Visualizing clusters in Python

I am wanting to see the results of clustering methods such as K-Means; this is my playground.

Initial examples are taken from K Means Clustering in Python


In [ ]:
import matplotlib.pyplot as plt
from sklearn import datasets
from sklearn.cluster import KMeans
import sklearn.metrics as sm

import pandas as pd
import numpy as np

# Only needed if you want to display your plots inline if using Notebook
# change inline to auto if you have Spyder installed
%matplotlib inline

Using Iris Dataset


In [ ]:
# import some data to play with
iris = datasets.load_iris()
# look at individual aspects by uncommenting the below
#iris.data
#iris.feature_names
#iris.target
#iris.target_names

Original author converted the data to Pandas Dataframes. Note that we have separated out the inputs (x) and the outputs/labels (y).


In [ ]:
# Store the inputs as a Pandas Dataframe and set the column names
x = pd.DataFrame(iris.data)
x.columns = ['Sepal_Length','Sepal_Width','Petal_Length','Petal_Width']
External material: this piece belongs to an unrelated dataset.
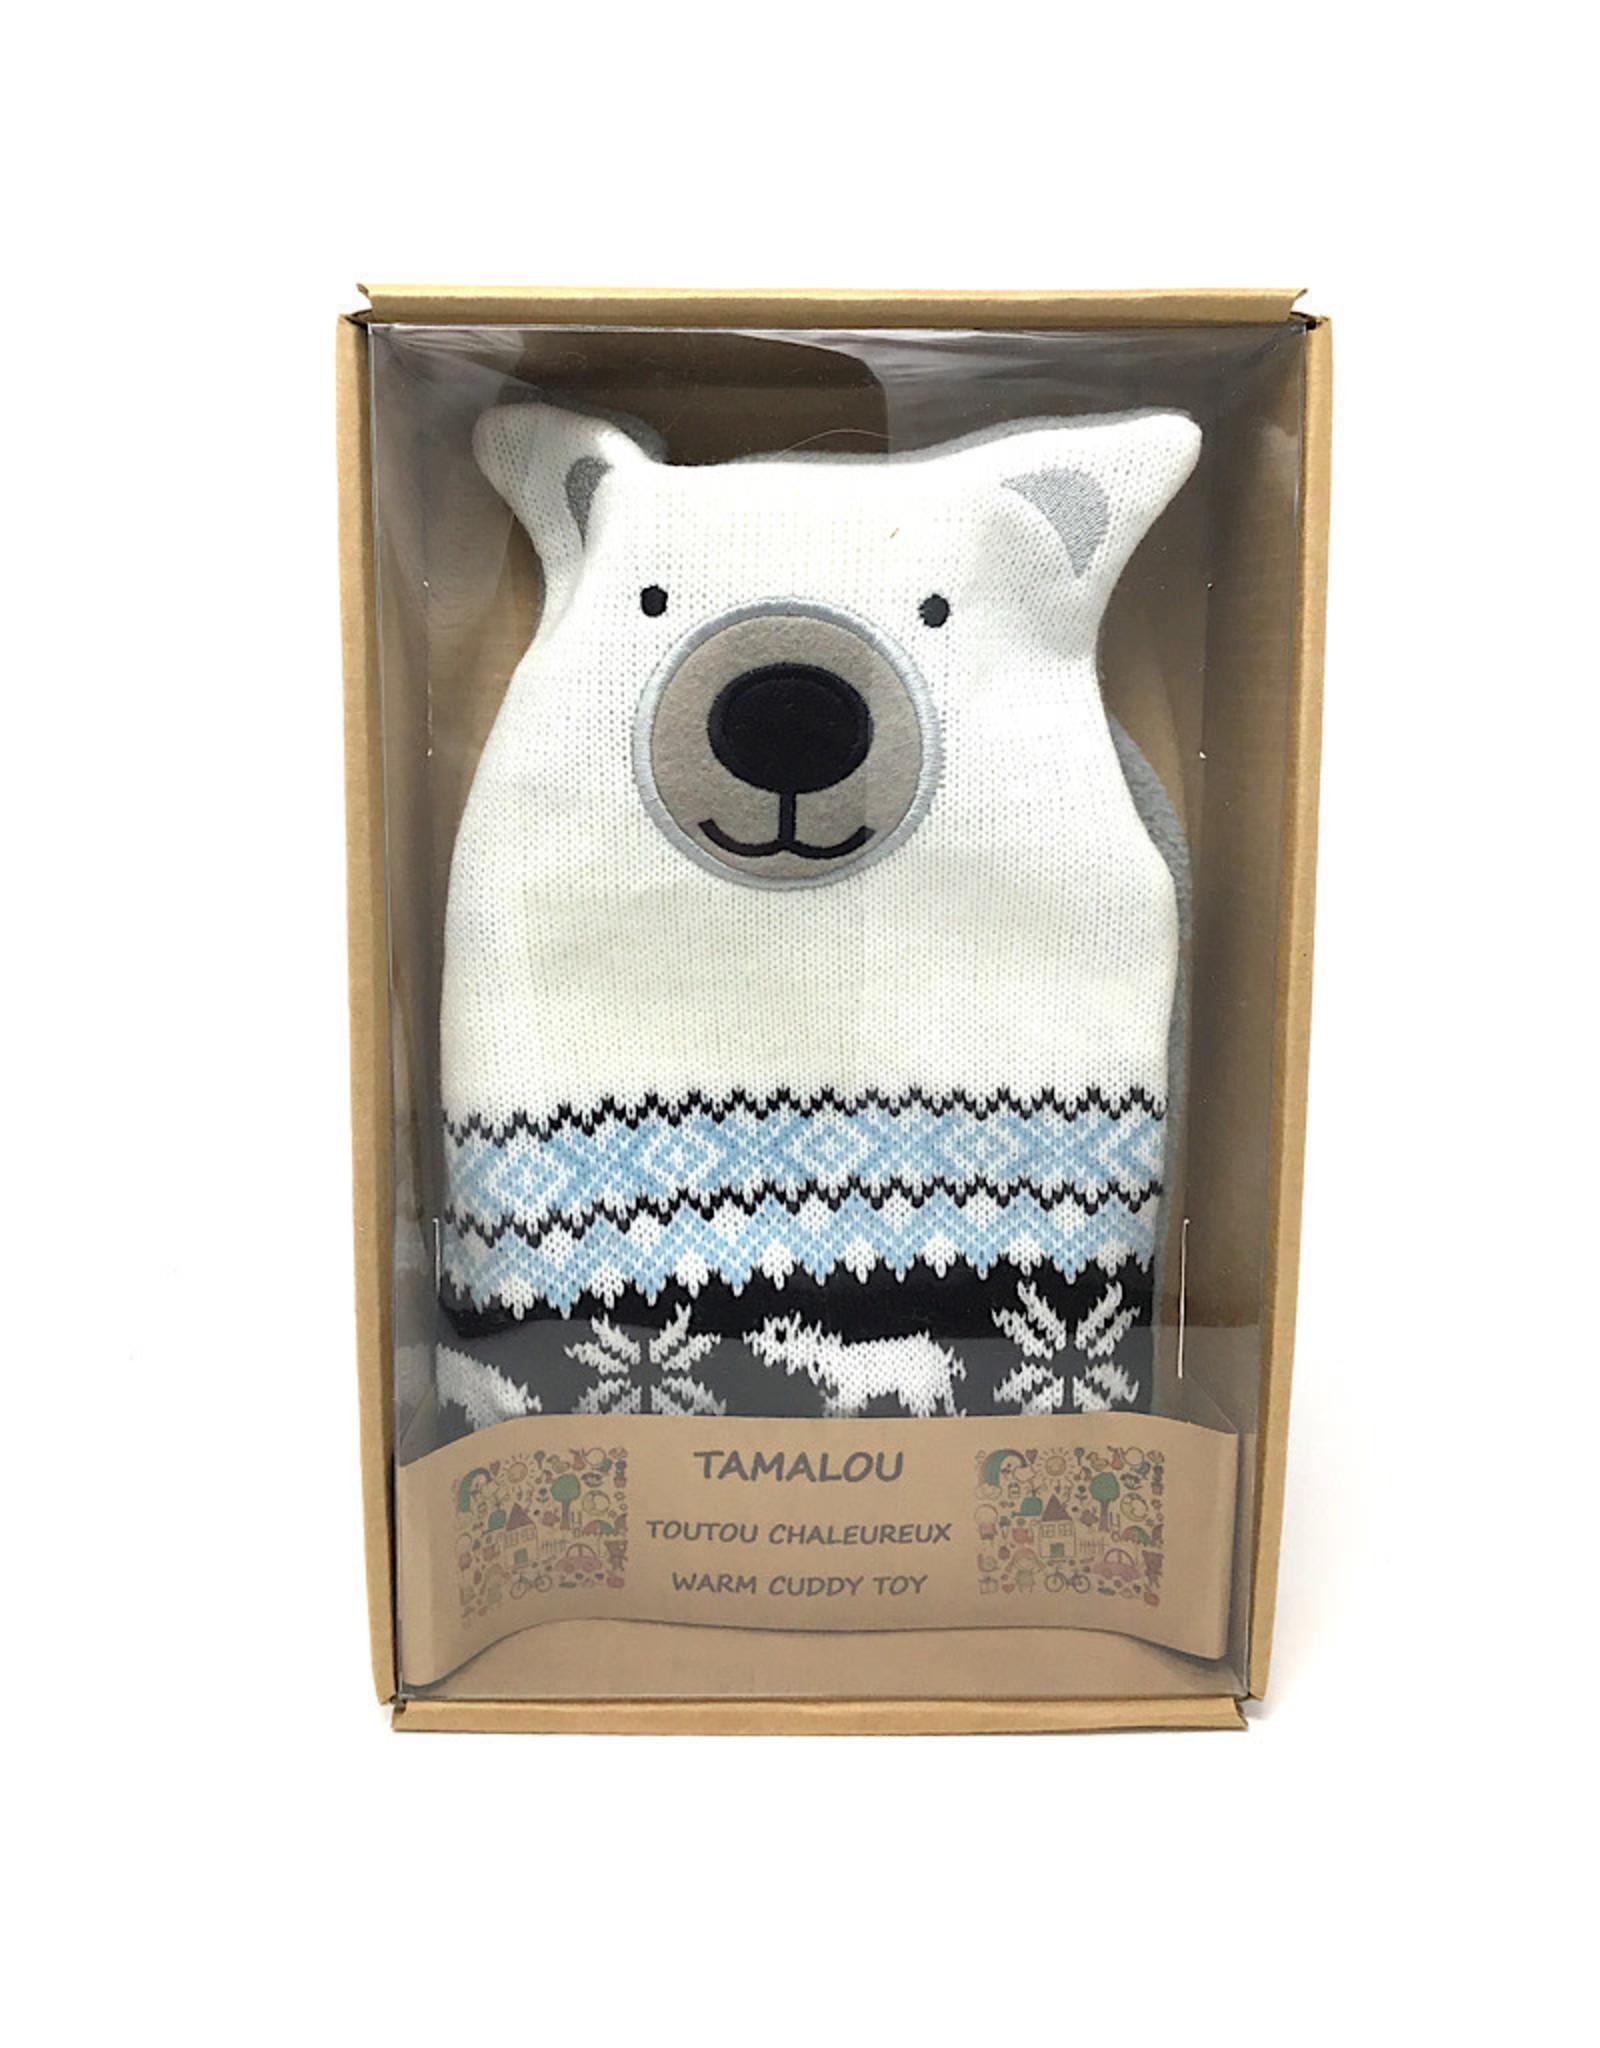 Warm Cuddy Toy

y = pd.DataFrame(iris.target)
y.columns = ['Targets']

Visualise the data

It is always important to have a look at the data. We will do this by plotting two scatter plots. One looking at the Sepal values and another looking at Petal. We will also set it to use some colours so it is clearer.


In [ ]:
# Set the size of the plot
plt.figure(figsize=(14,7))

# Create a colormap
colormap = np.array(['red', 'lime', 'black'])

# Plot Sepal
plt.subplot(1, 2, 1)
plt.scatter(x.Sepal_Length, x.Sepal_Width, c=colormap[y.Targets], s=40)
plt.title('Sepal')

plt.subplot(1, 2, 2)
plt.scatter(x.Petal_Length, x.Petal_Width, c=colormap[y.Targets], s=40)
plt.title('Petal');

Build the K Means Model - non-Spark example

This is the easy part, providing you have the data in the correct format (which we do). Here we only need two lines. First we create the model and specify the number of clusters the model should find (n_clusters=3) next we fit the model to the data.


In [ ]:
# K Means Cluster
model = KMeans(n_clusters=3)
model.fit(x)
1
2
3
# K Means Cluster
model = KMeans(n_clusters=3)
model.fit(x)

# This is what KMeans thought
model.labels_

Visualise the classifier results

Let's plot the actual classes against the predicted classes from the K Means model.

Here we are plotting the Petal Length and Width, however each plot changes the colors of the points using either c=colormap[y.Targets] for the original class and c=colormap[model.labels_] for the predicted classess.


In [ ]:
# View the results
# Set the size of the plot
plt.figure(figsize=(14,7))

# Create a colormap
colormap = np.array(['red', 'lime', 'black'])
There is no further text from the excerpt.